GIVEN DATA =
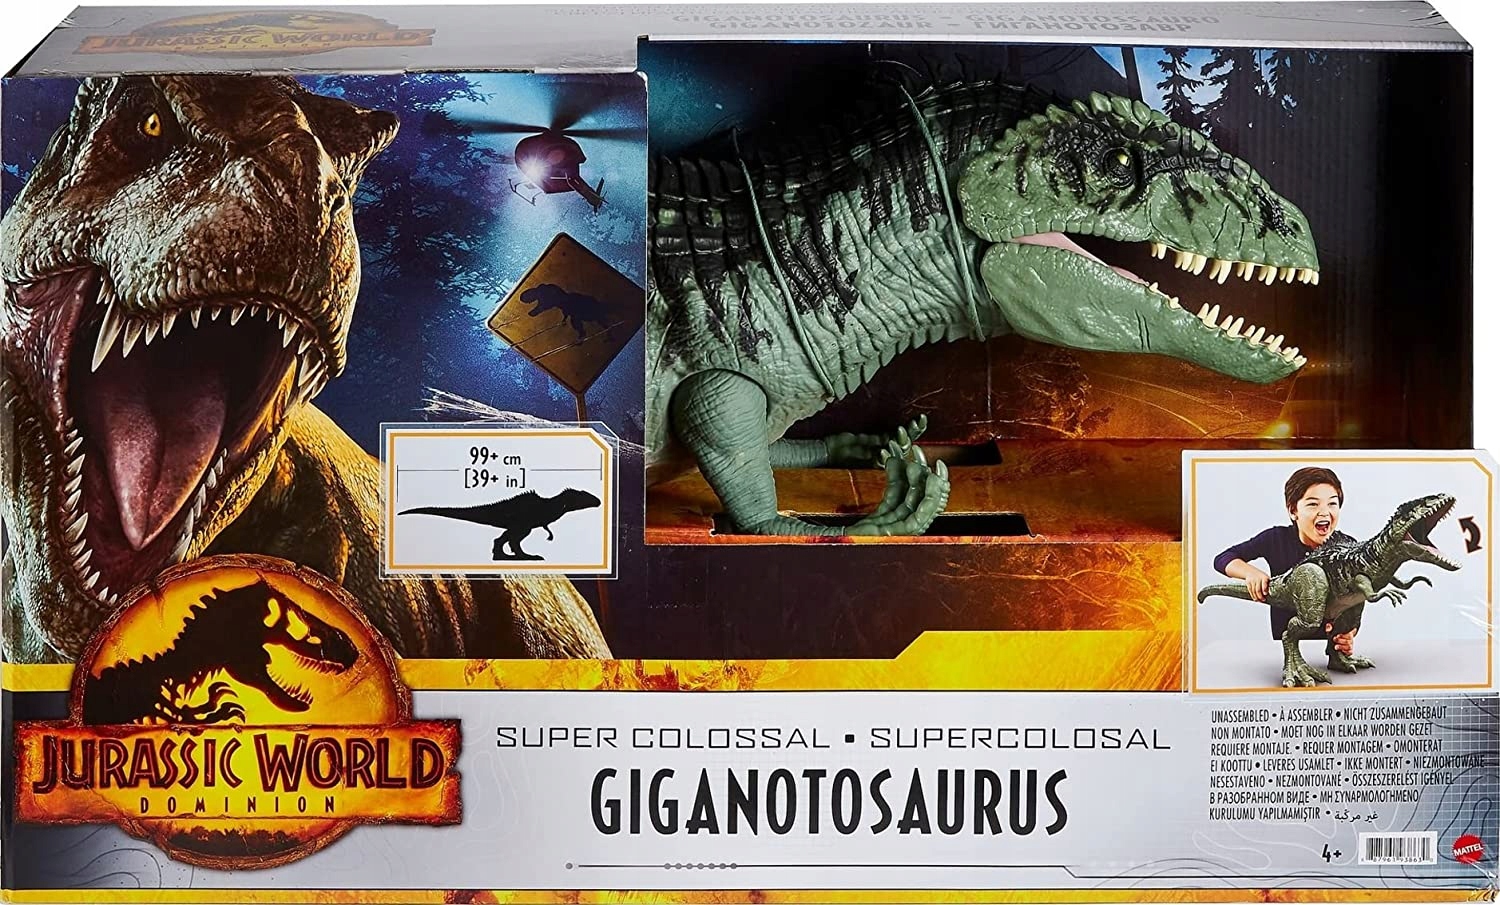 Dinosaure Giganotosaurus - Jurassic World
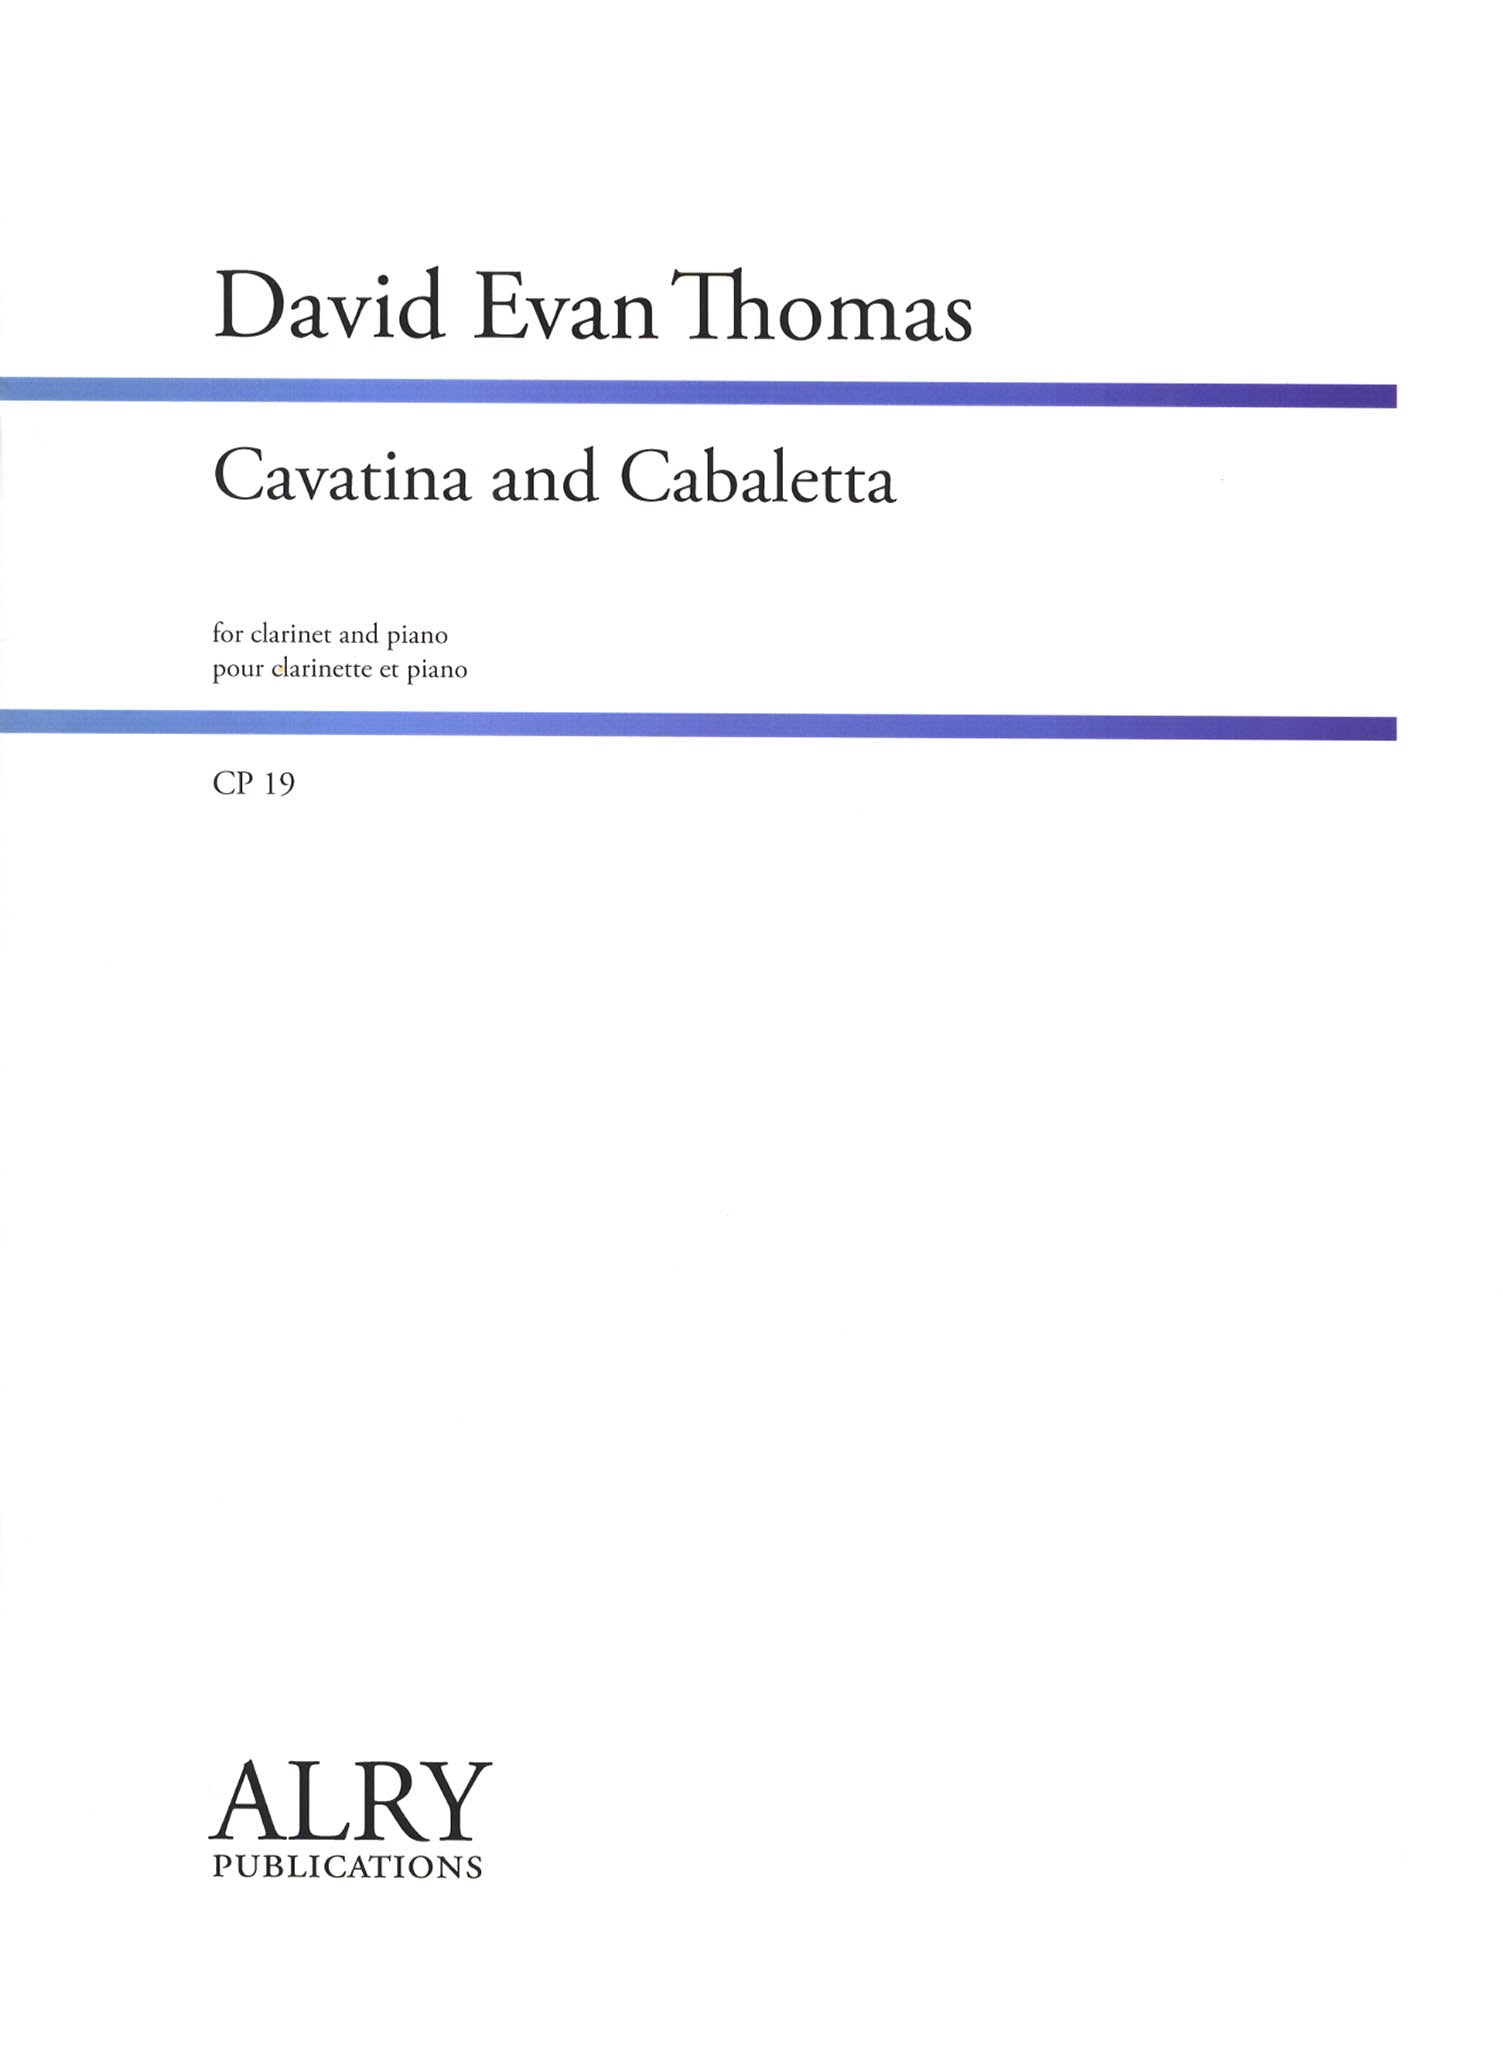 David Evan Thomas Cavatina and Cabaletta clarinet & piano cover
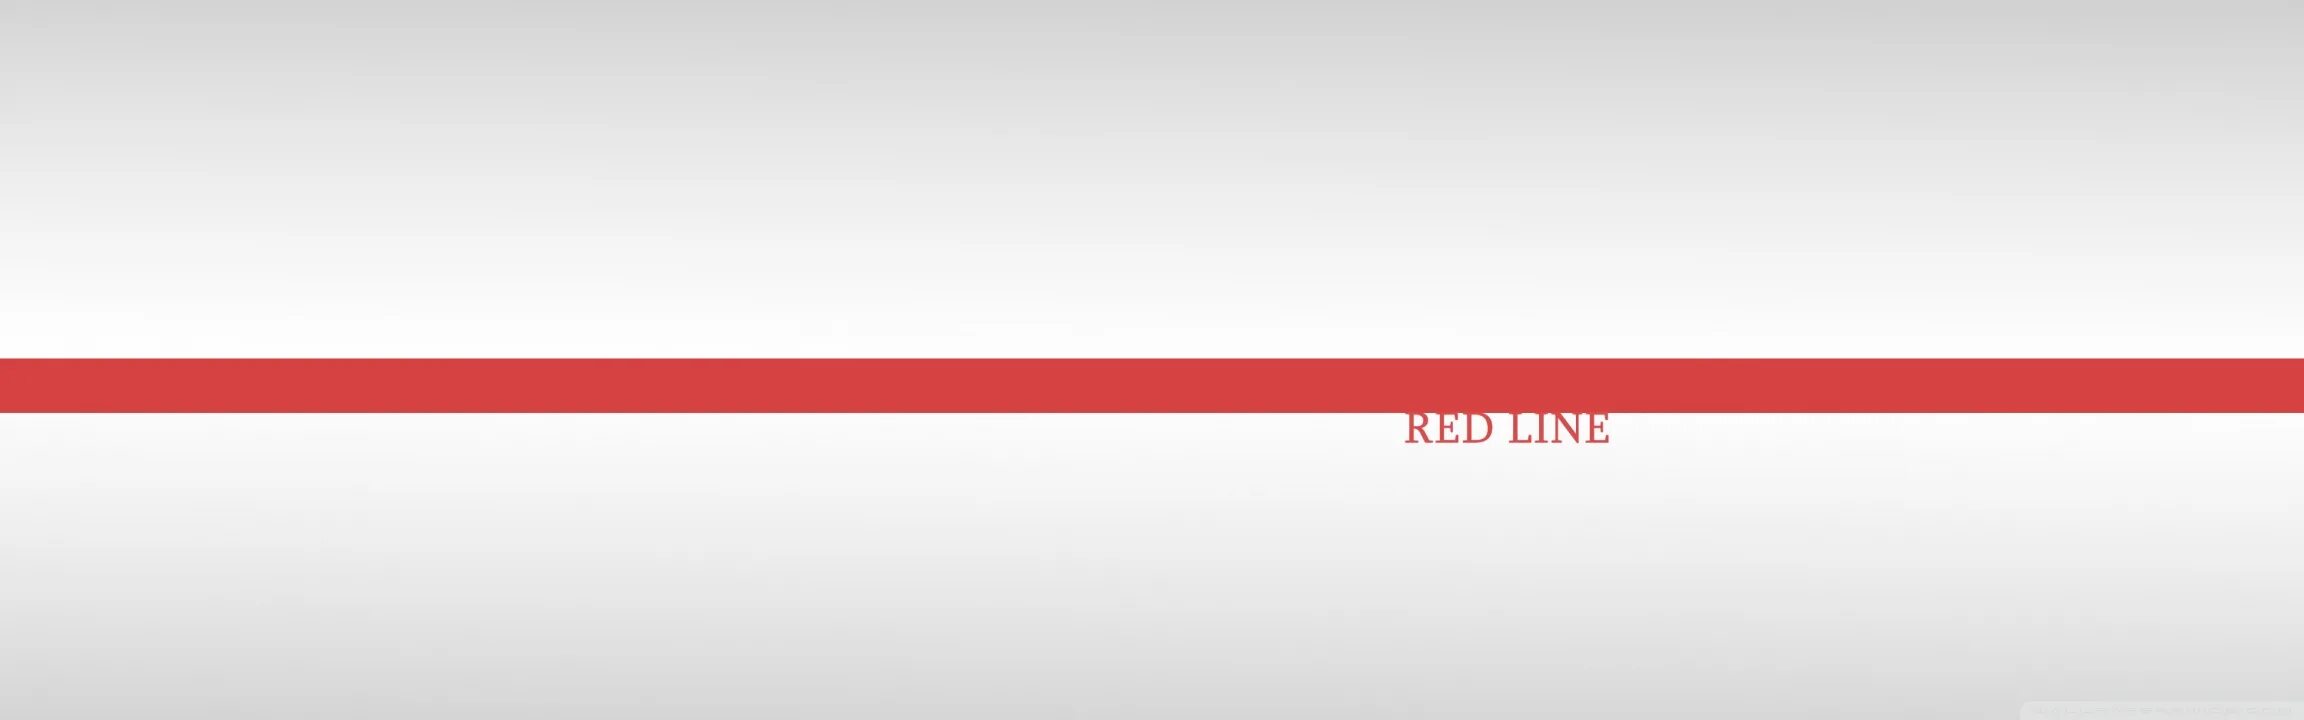 Большая красная линия. Красная линия. Красная полоса на белом фоне. Белый фон с красными линиями. Красная линия Red line.

WHAT TO PRODUCE = Without any of its images, the data above should be returned exactly.

RESPONSE =
 Dinosaure Giganotosaurus - Jurassic World
 David Evan Thomas Cavatina and Cabaletta clarinet & piano cover
 Большая красная линия. Красная линия. Красная полоса на белом фоне. Белый фон с красными линиями. Красная линия Red line.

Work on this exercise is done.